◆ **Recorded data**
-----

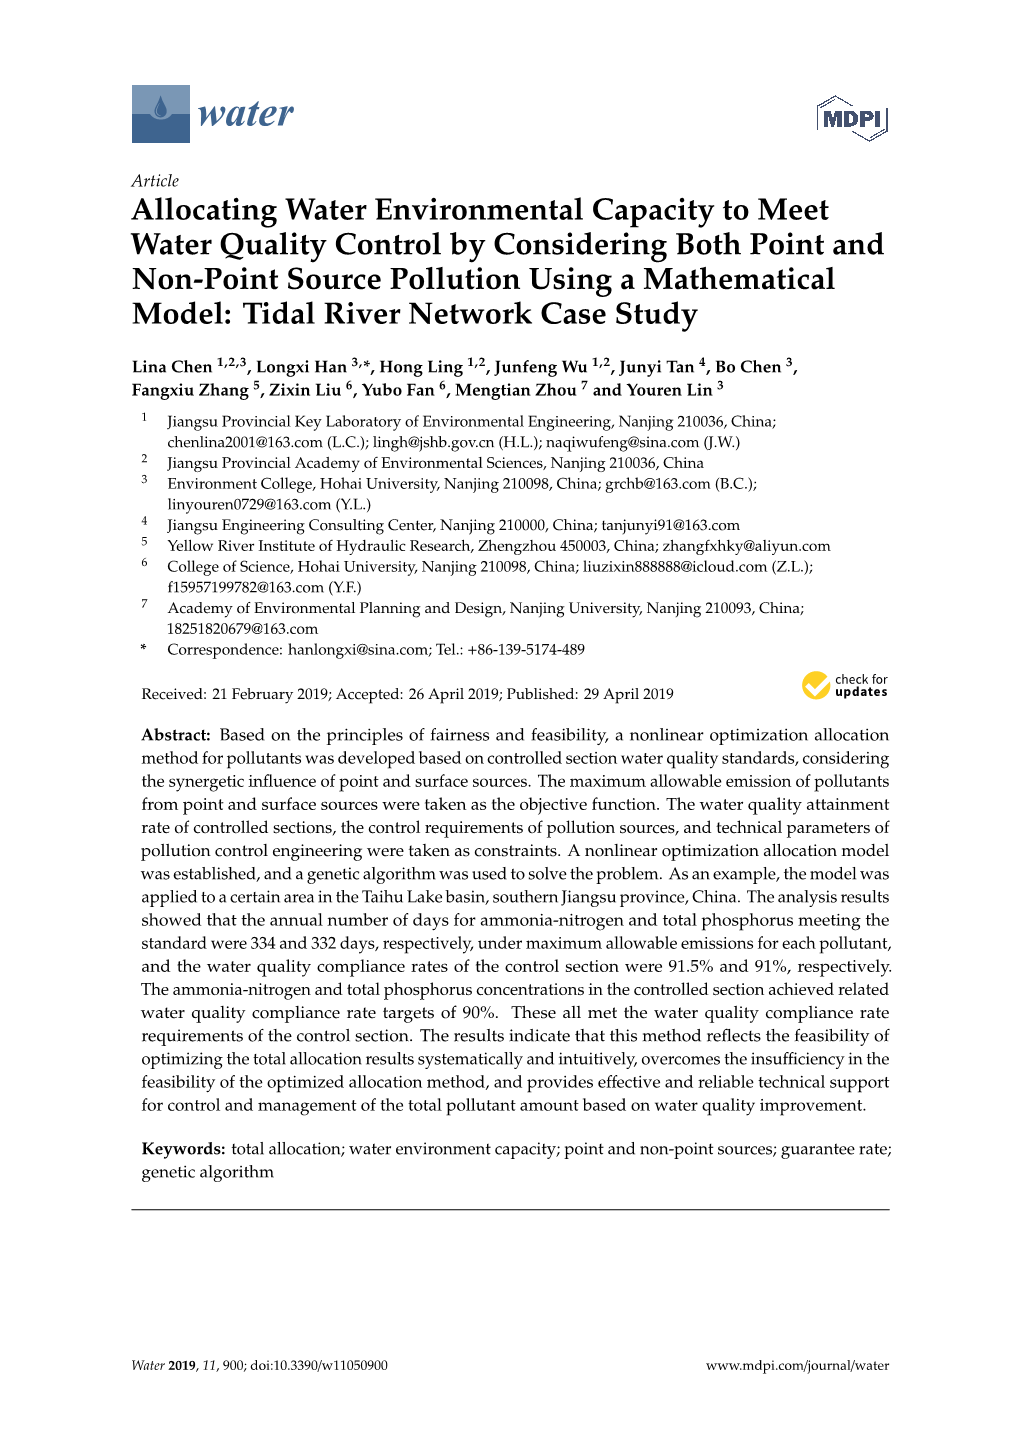 Allocating Water Environmental Capacity to Meet Water Quality Control by Considering Both Point and Non-Point Source Pollution U
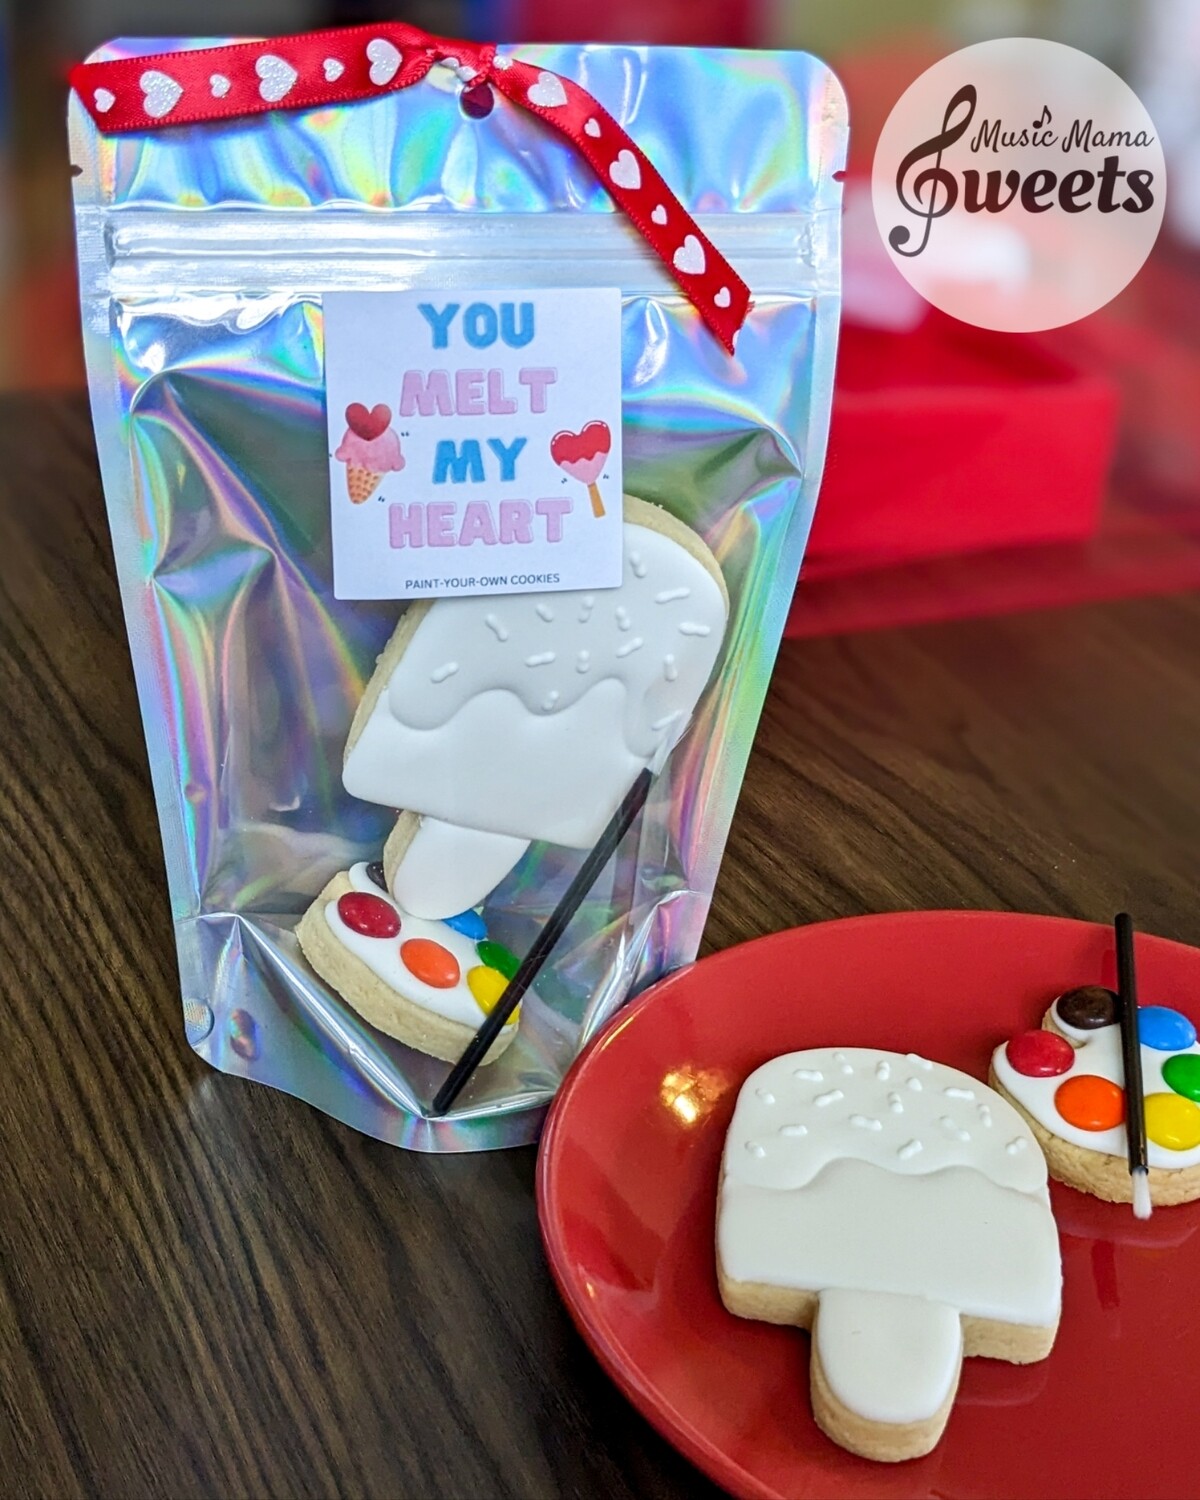 Paint-Your-Own Popsicle "You Melt My Heart"
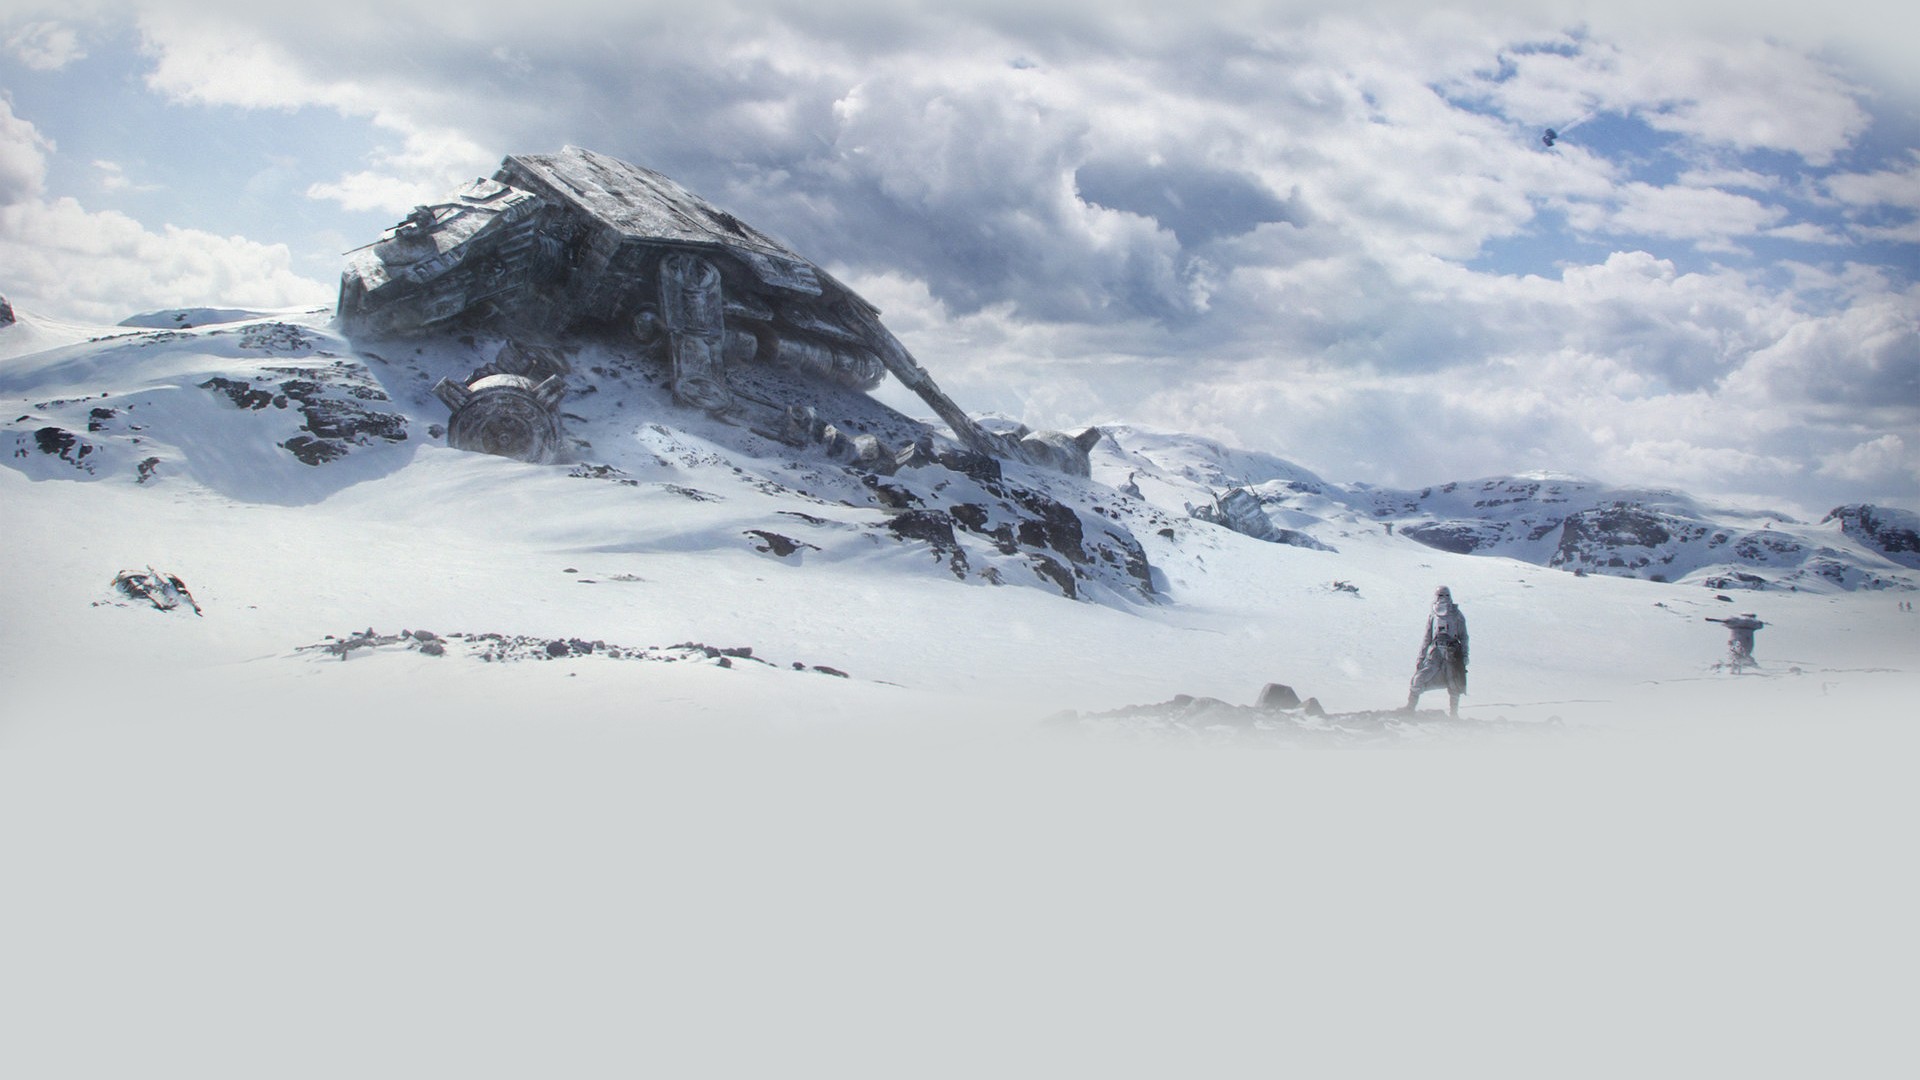 Mountains Snow Stormtrooper Star Wars Hoth AT AT Walker Imperial Forces Wreck Digital Art Planet Sci 1920x1080
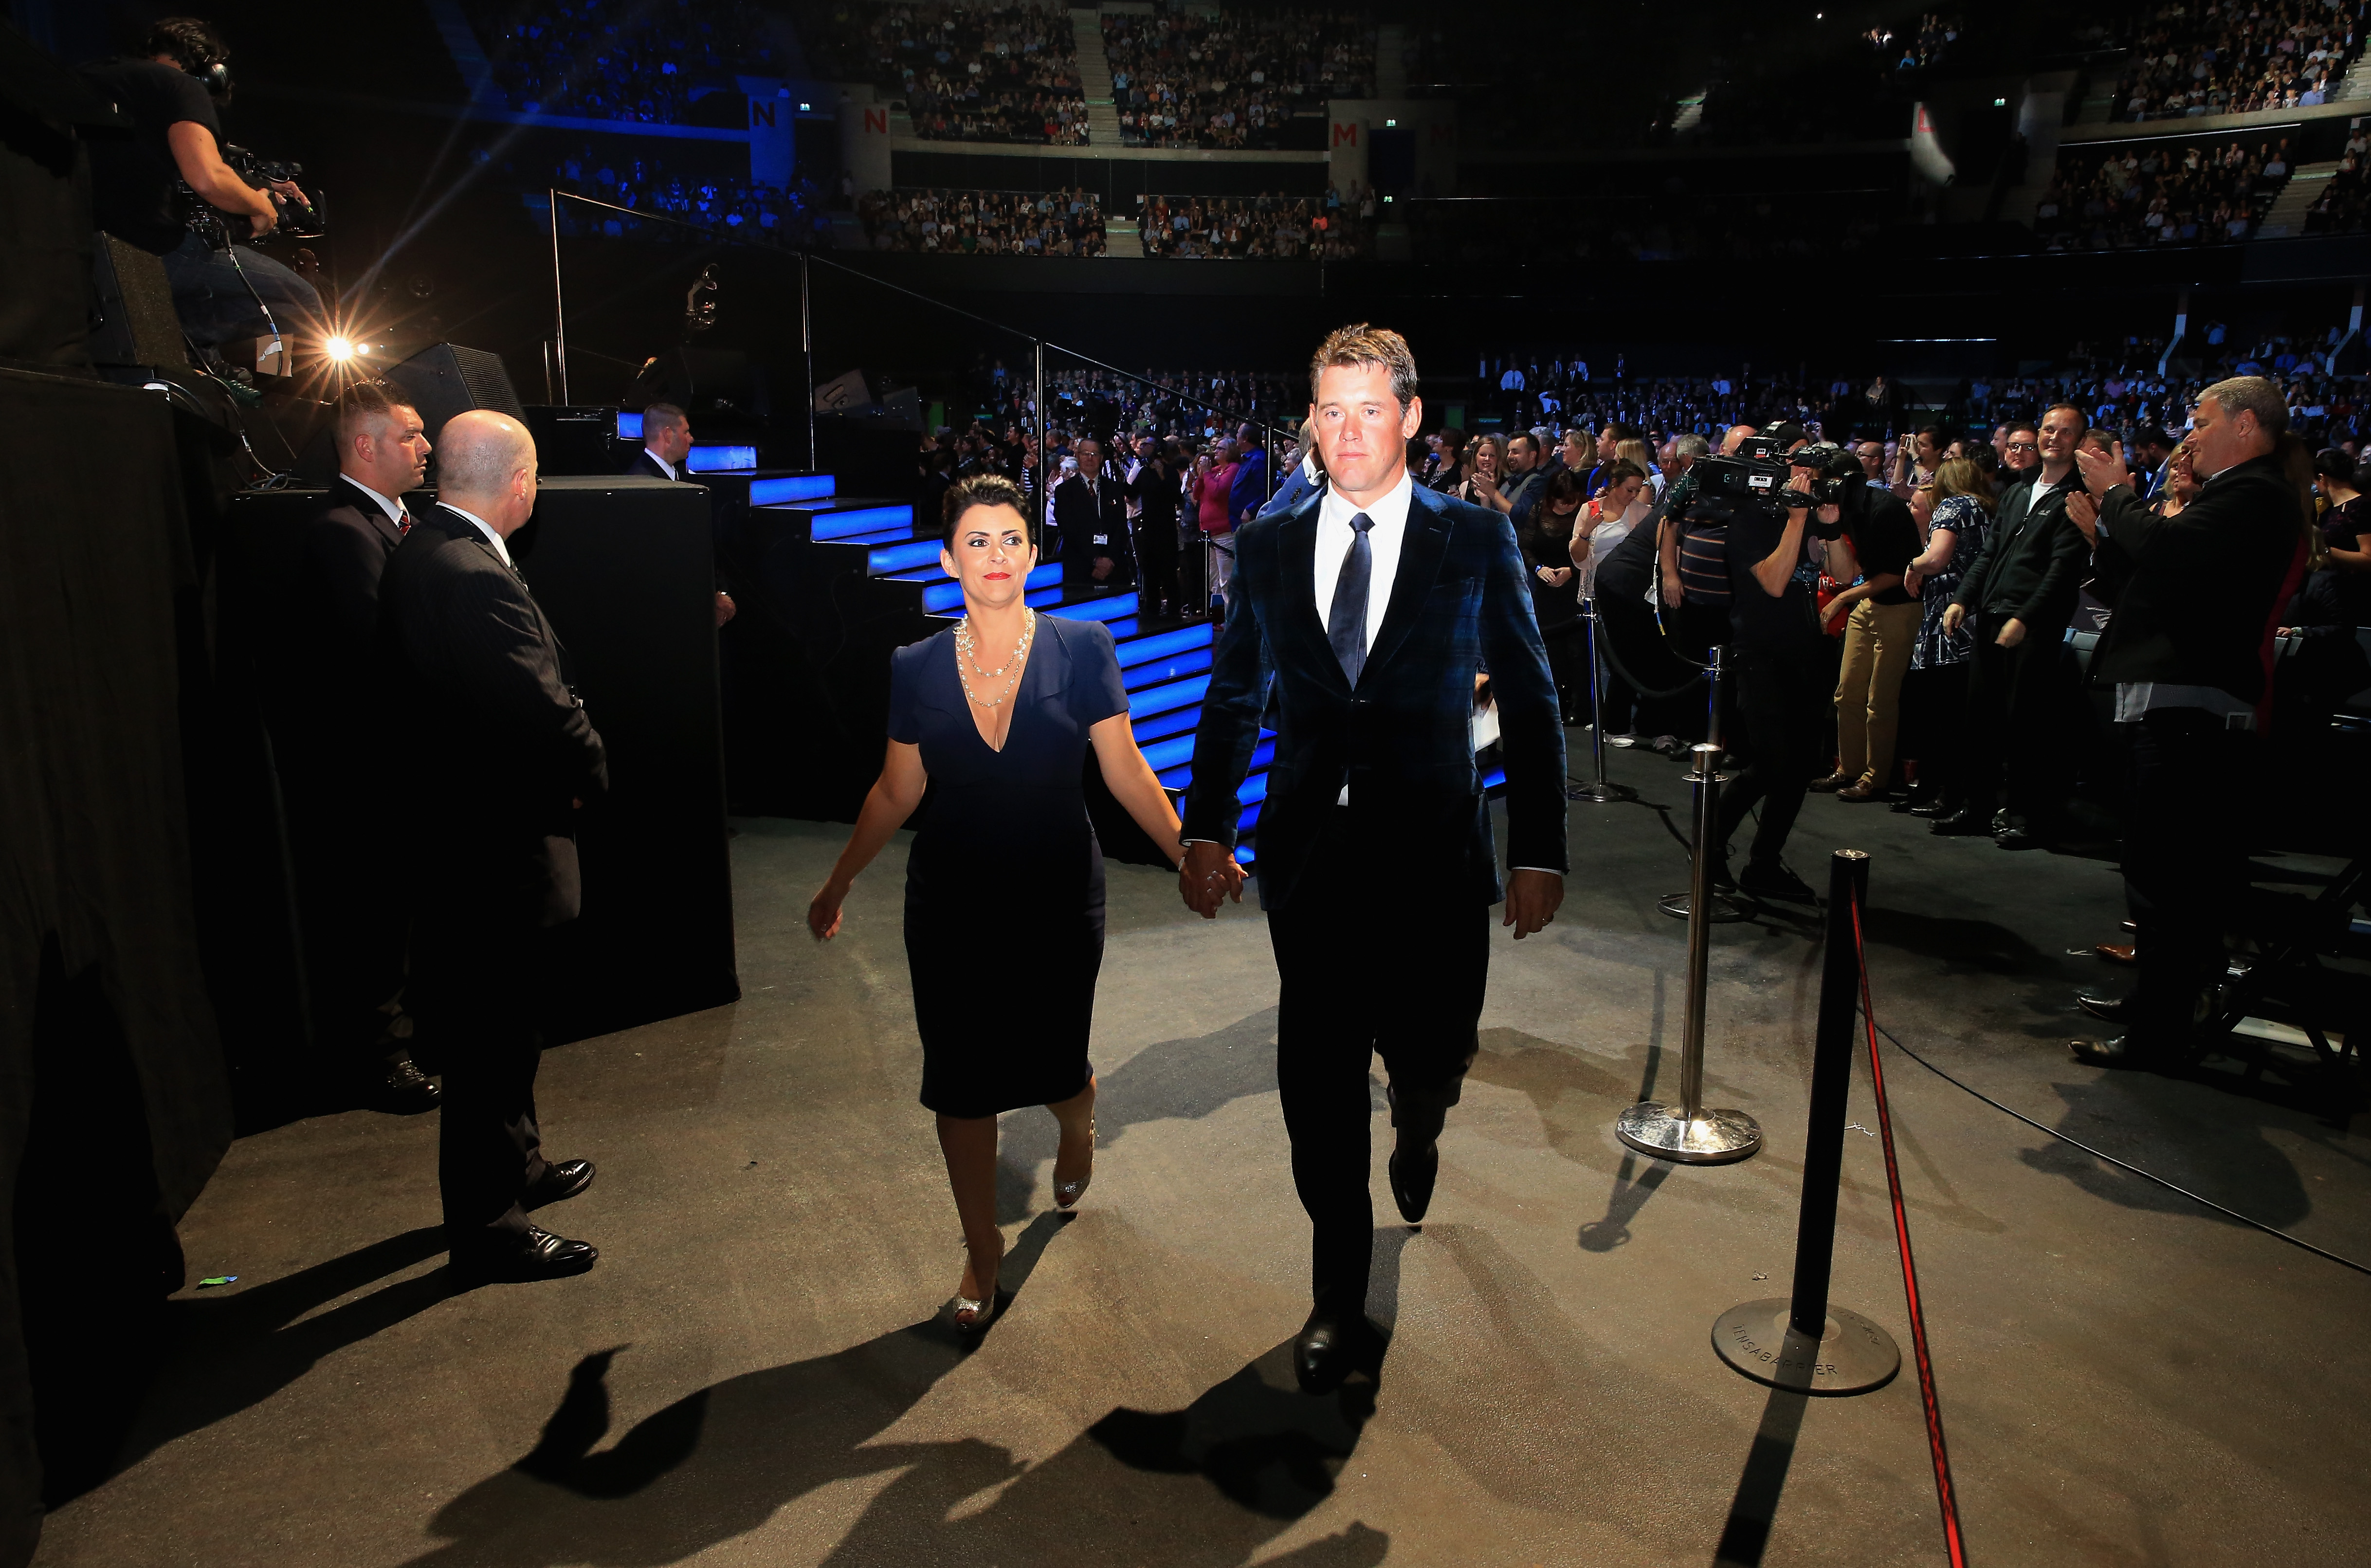 Lee Westwood and wife Laurae Westwood leave the stage during the 2014 Ryder Cup Gala Concert

-----

The output is the data above, repeated exactly, with pictures omitted.

◆ **Answer to the problem**
 Allocating Water Environmental Capacity to Meet Water Quality Control by Considering Both Point and Non-Point Source Pollution U
 Paint-Your-Own Popsicle "You Melt My Heart"
 Mountains Snow Stormtrooper Star Wars Hoth AT AT Walker Imperial Forces Wreck Digital Art Planet Sci 1920x1080
 Lee Westwood and wife Laurae Westwood leave the stage during the 2014 Ryder Cup Gala Concert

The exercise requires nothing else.